# March madness brackets



## grunt_smacker (Sep 7, 2007)

Those that are interested in competing in the annual NCAA brackets feel free to join in.
Here is the link

http://tournament.fantasysports.yah...nprivategroup_assign_team?GID=13053&P=hunters

if it asks for a password it is

hunters

Good luck to all and don't forget to name your bracket the same as your user name on here so we can tell each other apart.
You can not fill them out until the 17th of March, so don't forget to go back and fill out your brackets


----------



## grunt_smacker (Sep 7, 2007)

Games start this weekend, so let everybody know and fill out those brackets!!!


----------



## proutdoors (Sep 24, 2007)

I'm in. I never do very good, but its lots of fun...


----------



## dkhntrdstn (Sep 7, 2007)

man i missed this one


----------



## Wind In His Hair (Dec 31, 2009)

dkhntrdstn said:


> man i missed this one


Everyone did. I read that there were over 3 million people that participated in Yahoo brackets alone, and only 9 of them picked the Final Four correctly.


----------



## grunt_smacker (Sep 7, 2007)

Thanks to all those who participated this year.

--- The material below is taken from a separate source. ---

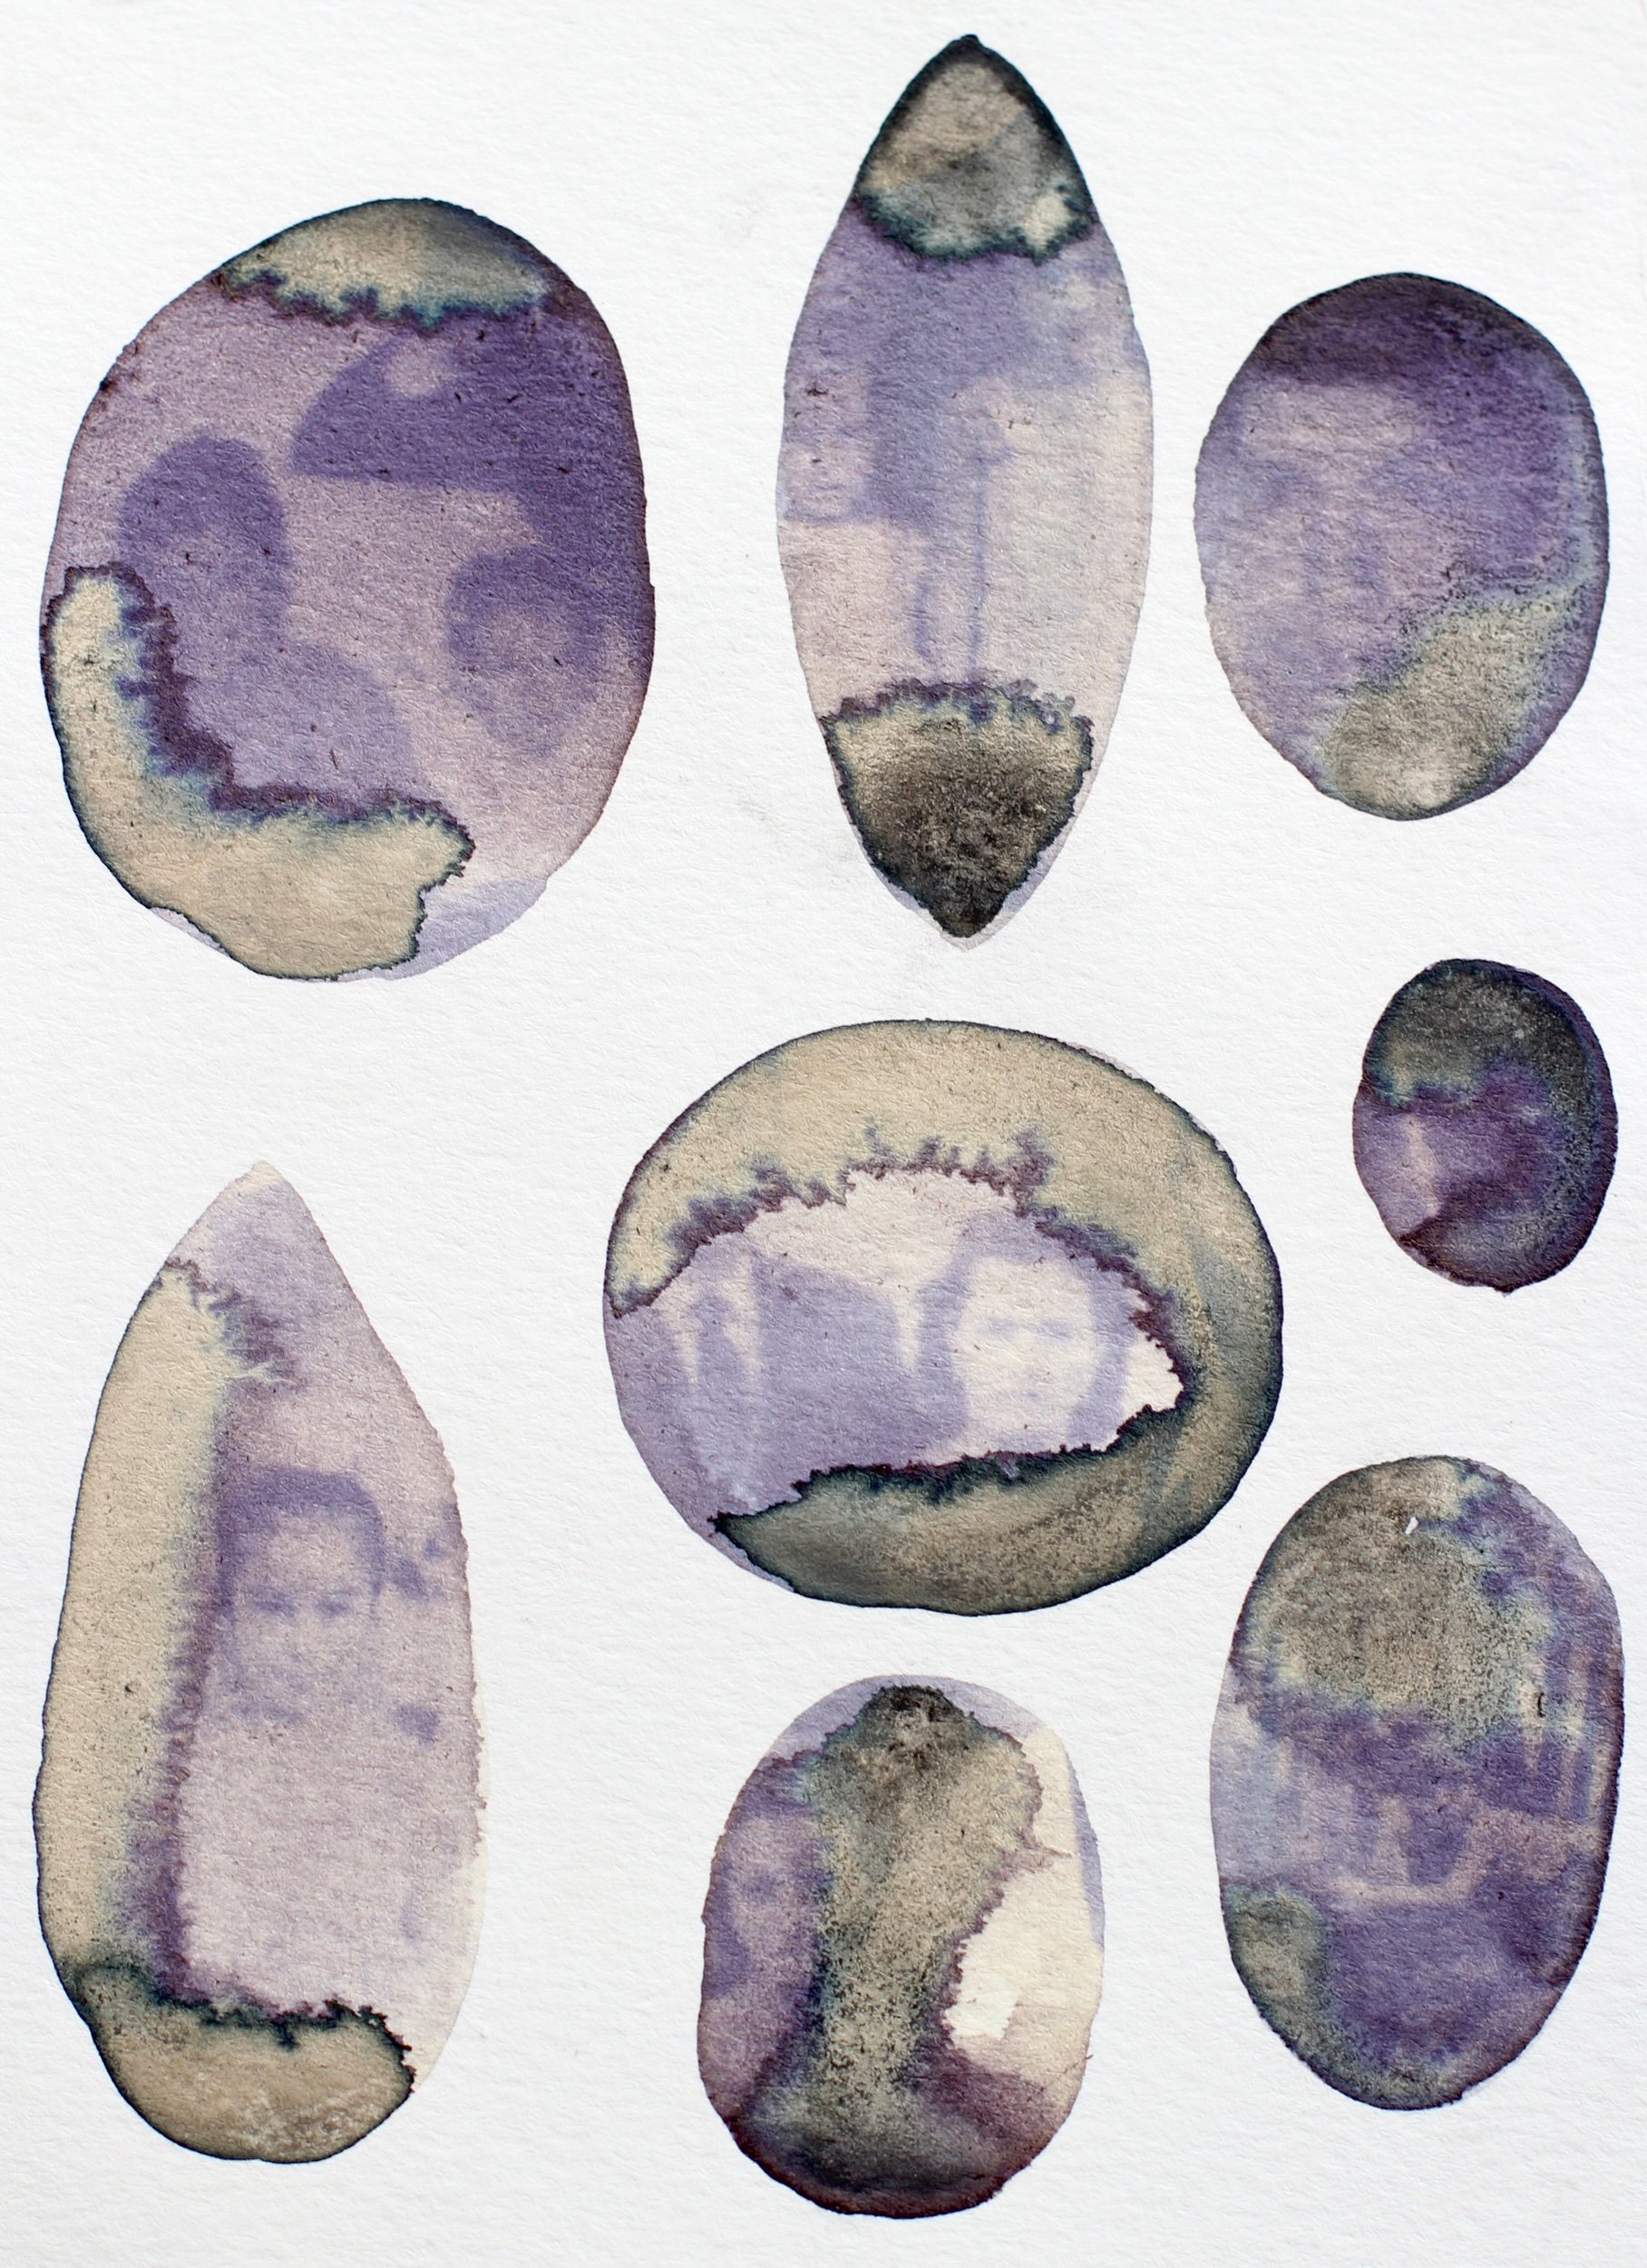    Faint Faces,    2023   Butterfly pea flower anthotype, rust, water, alcohol, vinegar and oak galls

Rank Bracket--------1------2-----3----4---Semis-----Finals------Points----Possible Pts
1 cat's dartboard--22----24----12---8-----16---32 (Louisville)----114----114
2 Produece-------23-----16----12---8-----16---32 (Louisville) ---107----107
3 SvMoose-------22-----14----12---8-----16---32 (Louisville)----104----104
4 mikevanwilder---21-----22----16---8-----16---0 (Indiana)-------83-----83
5 *Grunt_smacker-19-----20----4---8------0----0 (Indiana)-------51-----51
6 Wind In His Hair--19----16----8----0-----0-----0 (Gonzaga)------43-----43

Congrats to the lucky ones who didn't get to busted out early on this year!


----------



## Catherder (Aug 2, 2008)

Thanks for running it for us this year. It was quite a tournament. Lets do it again next year!


----------